Les expériences inspirées par l’idée de maturation, celles de Gesell notamment, nous décrivent le développement comme une succession de schèmes de réactions de plus en plus perfectionnés, c’est-à -dire à la fois compliqués et adaptables. Les mécanismes nerveux correspondant doivent présenter une complication croissante parallèle, et inclure des mécanismes supérieurs d’adaptation de plus en plus nombreux.
La perception implique, elle aussi, des mécanismes nerveux. Ici encore pour rendre compte de l’action de l’expérience, il ne faut pas songer à un tissu équipotentiel mais à des mécanismes d’adaptation. Ceux-ci peuvent être conçus comme capables de répondre à des stimuli divers avec des probabilités variables. On peut les concevoir sur le modèle des machines imaginées par la cybernétique.
Cela fait songer à la théorie de l’information qui constitue l’objet d’une communication de ce congrès.

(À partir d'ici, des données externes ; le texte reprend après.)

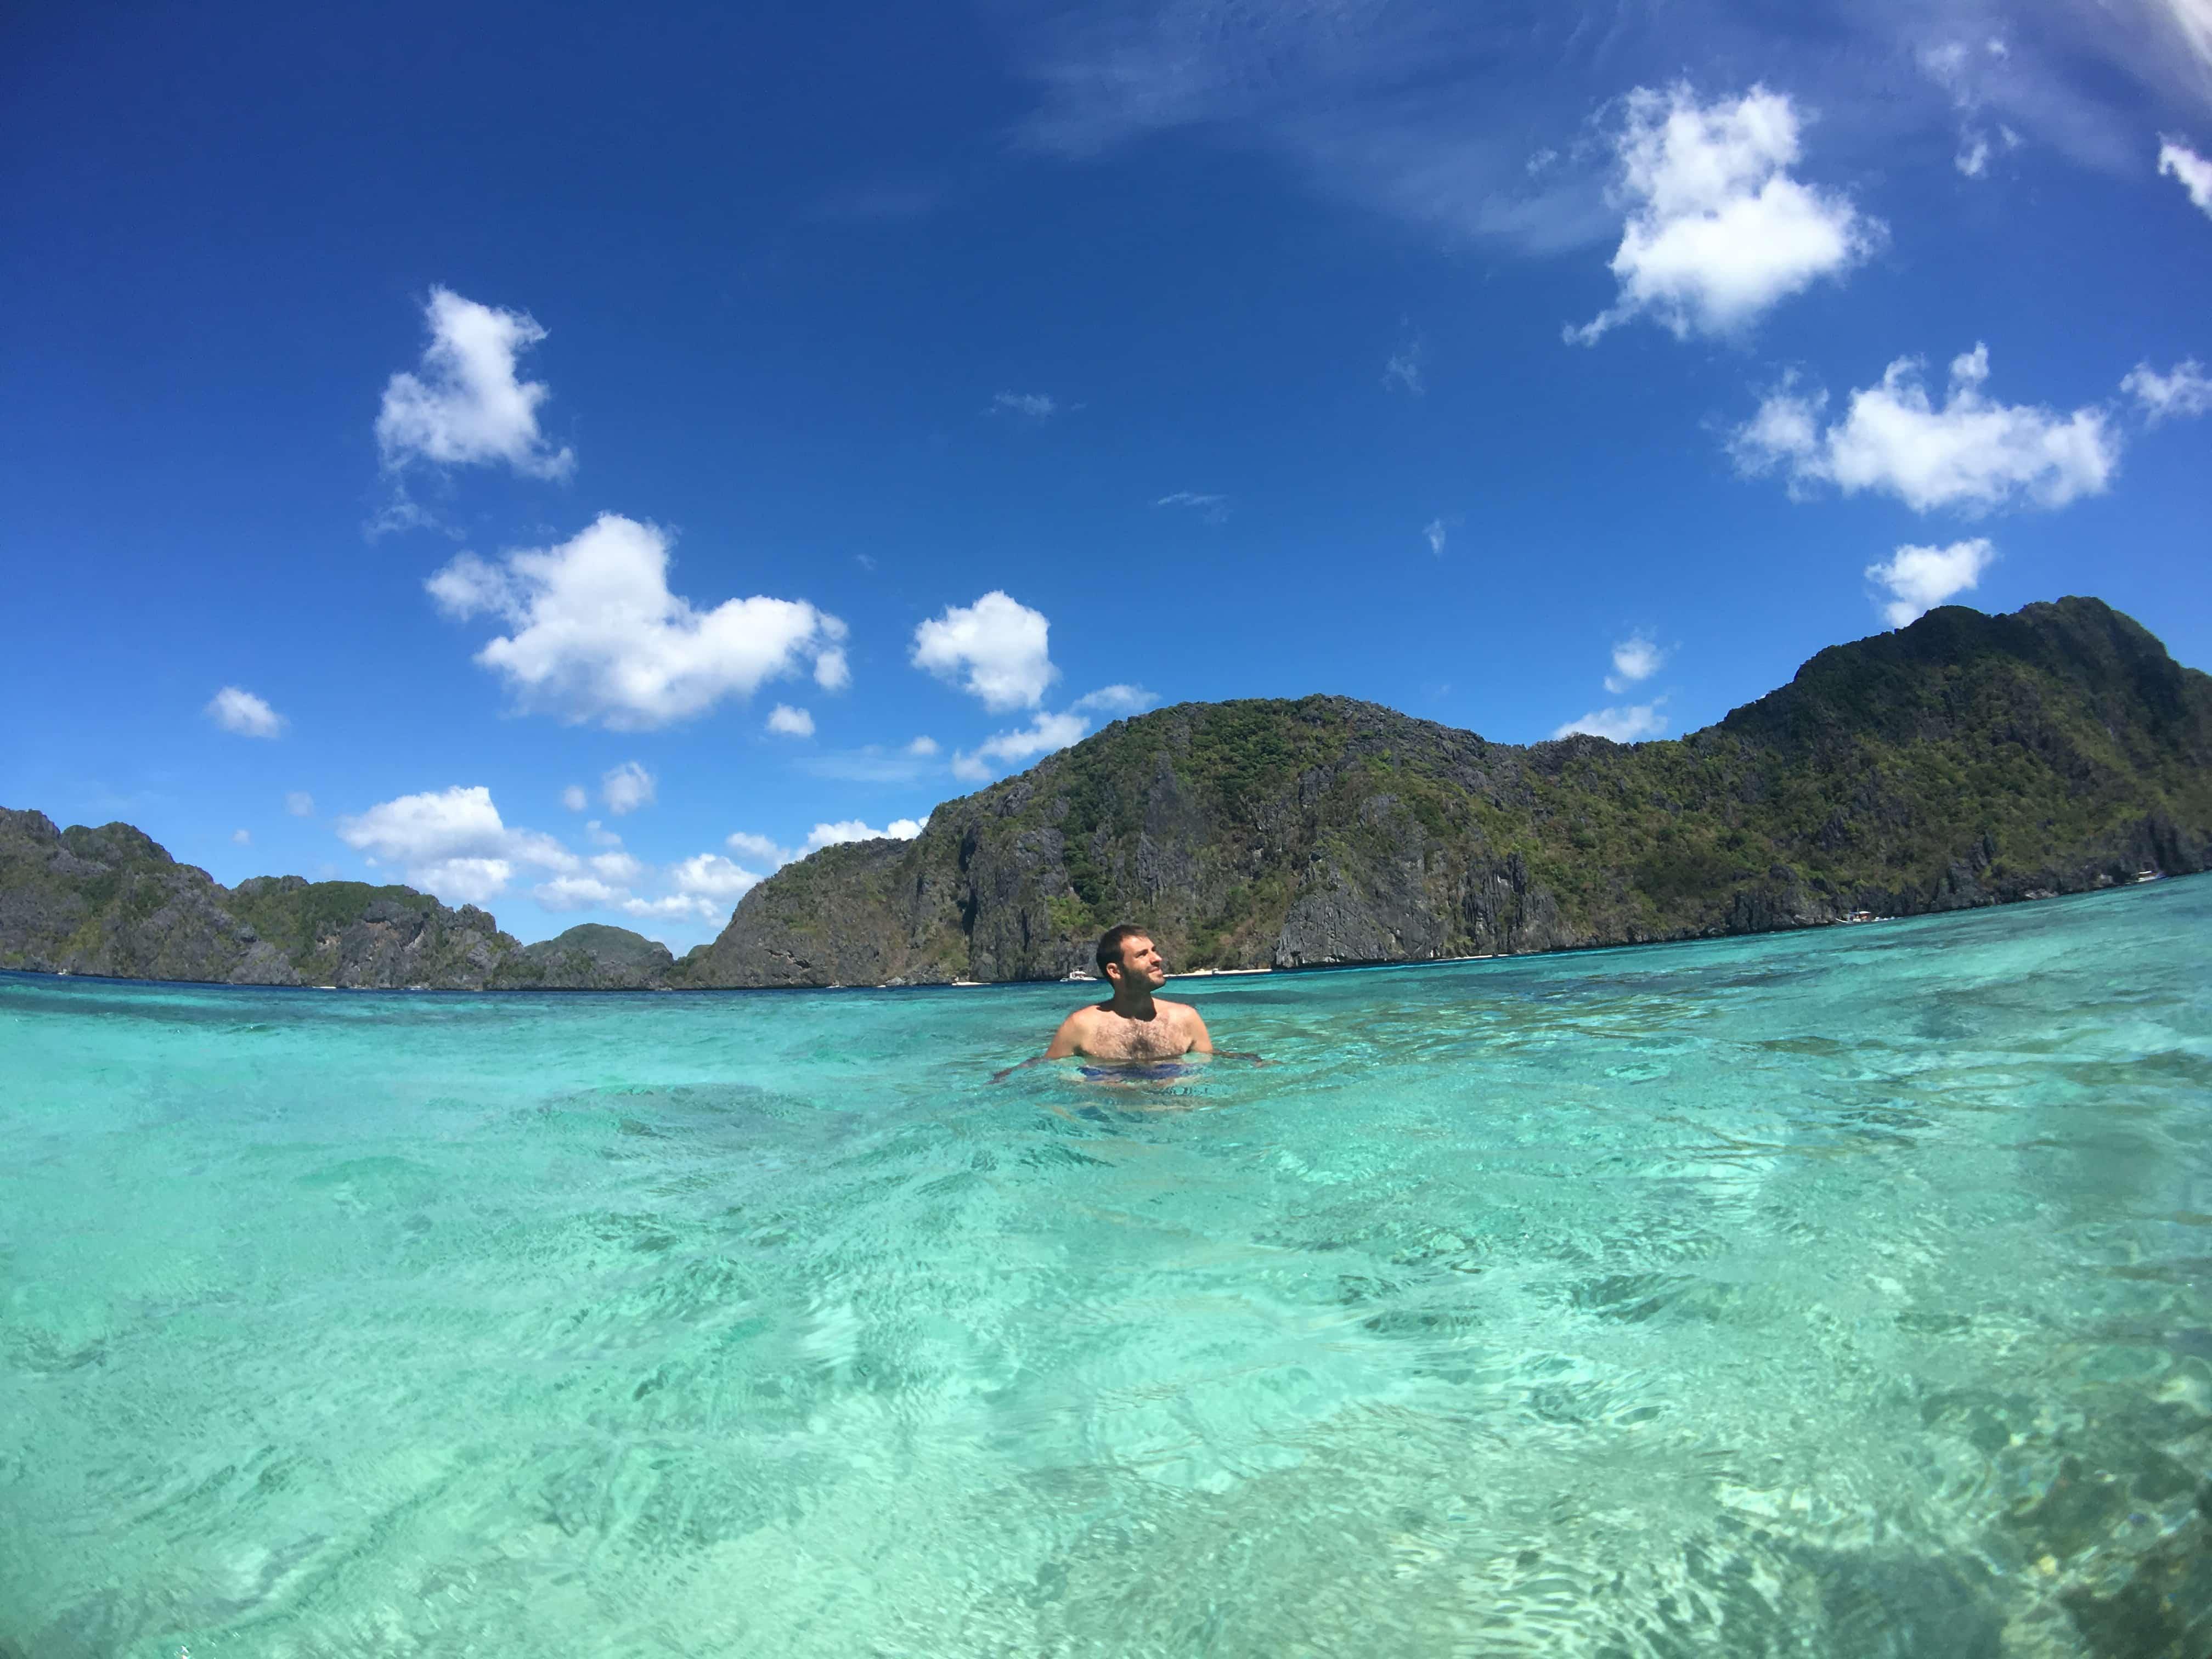 Palawan tourist spots, El Nido

Bref, toute perception serait le produit de l’expérience mais impliquerait aussi l’action de mécanismes innés capables d’adaptation et présentant des déterminations de degrés variables.
M. NYSSEN (Bruxelles). — Clinicien avant tout, et n’ayant pas exploré le domaine de la perception proprement dite, je m’excuse de ne pas être à même d’employer une terminologie aussi appropriée que celle que nous avons entendue dans les beaux exposés et l’intéressante discussion des rapporteurs.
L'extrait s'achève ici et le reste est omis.